To implement this ambitious plan, the CNIL provides for:
- The creation of a team dedicated to economic analysis.
- The strengthening of its dialogue with stakeholders;
- An intensification of cooperation with other regulators at national and European levels.
CNIL Action Plan: Protection of Minors, AI and Cyber Threats
- This strategic plan addresses one of the themes of its 2024 control program, namely the protection of minors’ data and, more specifically, data collected online. Indeed, in light of the increasing exposure of young people to digital platforms, the CNIL had emphasized that it would verify the implementation of age verification mechanisms, security measures, and the respect of the principle of data minimization on websites and applications used by children and adolescents.
- This plan outlines the role that CNIL intends to play within the framework of the implementation of the AI Act and the necessary regulation of AI to protect privacy.
- Finally, CNIL has stated that it will increase enforcement operations following data breaches, in coordination with other competent authorities.
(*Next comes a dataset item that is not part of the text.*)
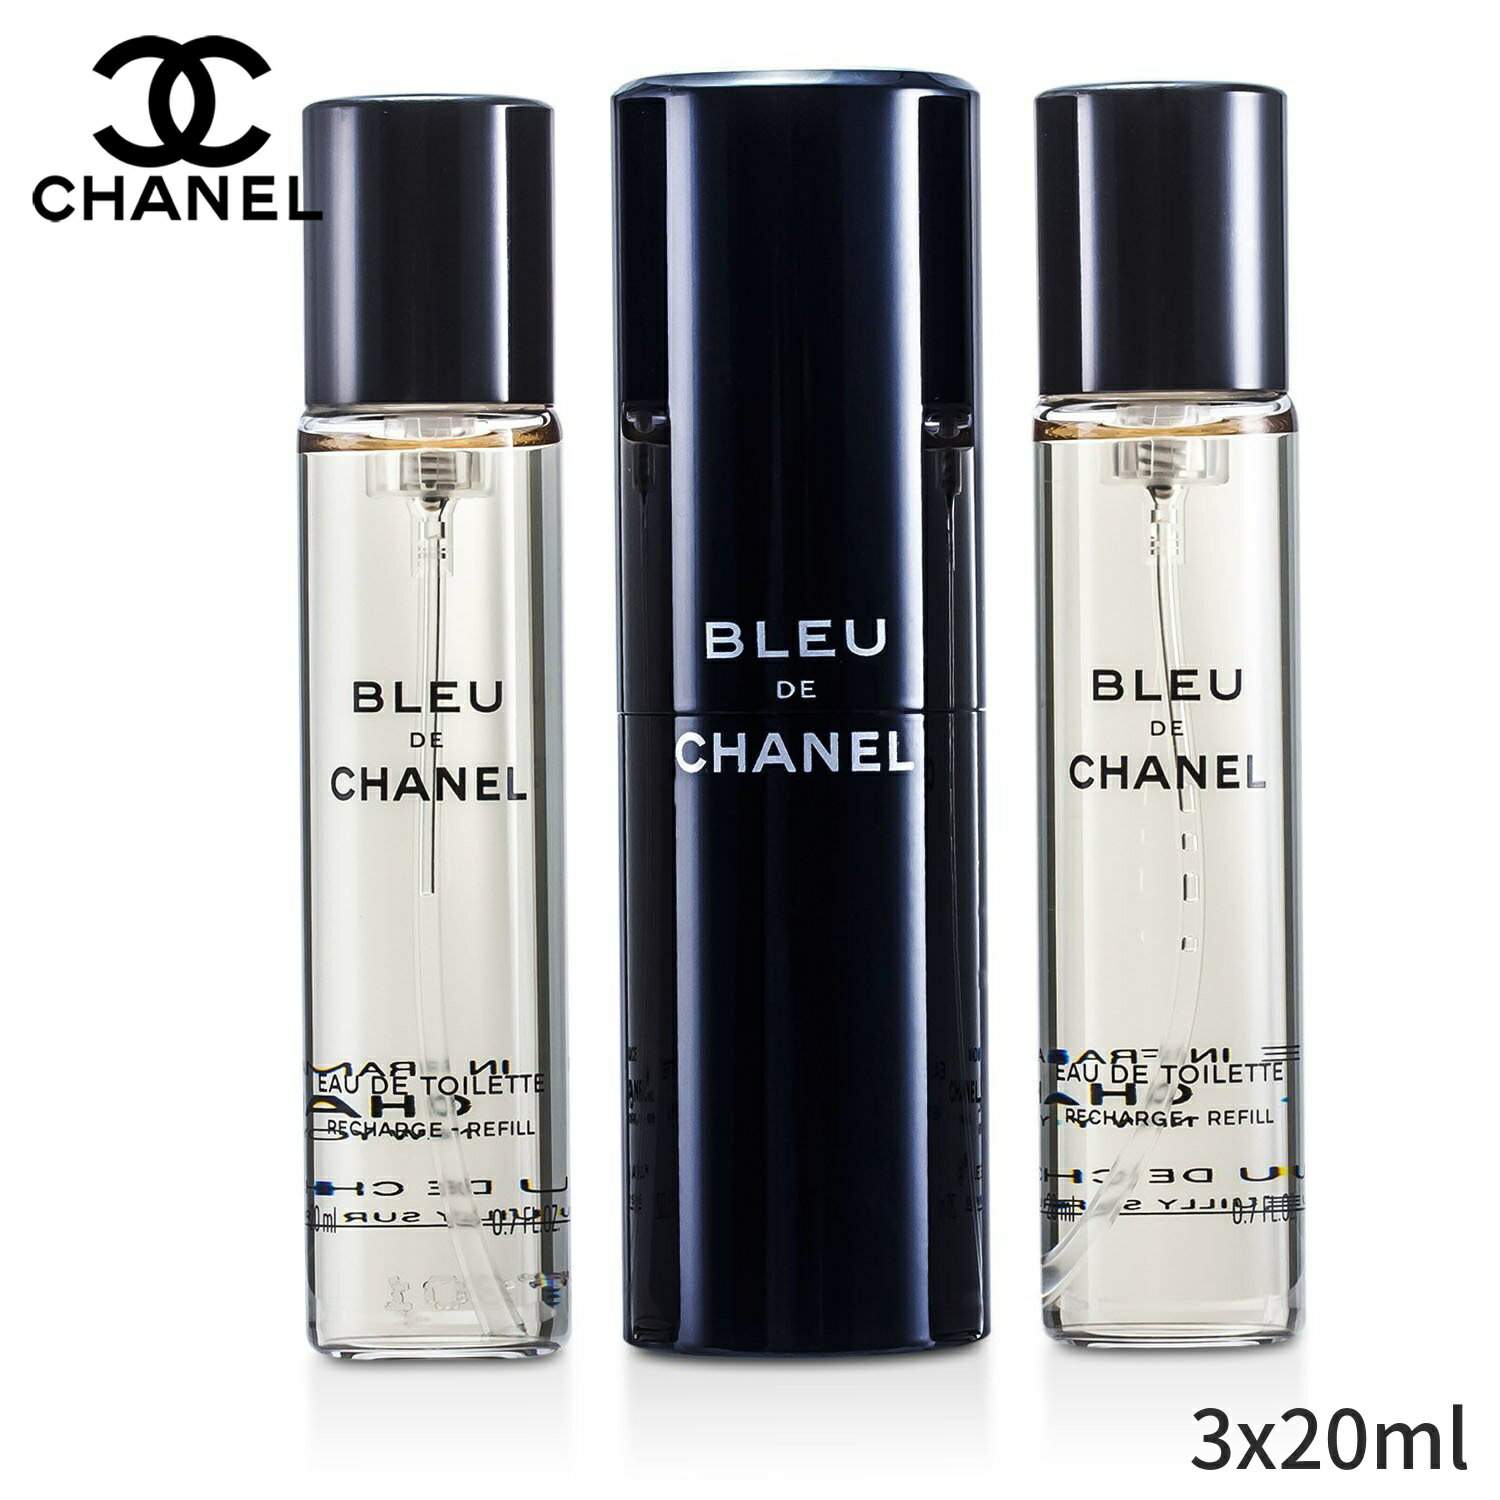 シャネル 香水 Chanel ブルードゥシャネル EDT トラベル スプレー&レフィル 2本 3x20ml メンズ 男性用 フレグランス 父の日 プレゼント ギフト 2022 人気 ブランド コスメ

A key point to note for professionals.
Aumans Avocats: specialists in IT/Data, data protection and AI
As a law firm specializing in artificial intelligence and data protection, we are at your disposal to assist you with all your projects. Whether you are a startup, a SME or a large company, our expertise will allow you to navigate smoothly in the complex landscape of regulation and compliance. Do not hesitate to contact us to benefit from personalized advice and secure your digital future.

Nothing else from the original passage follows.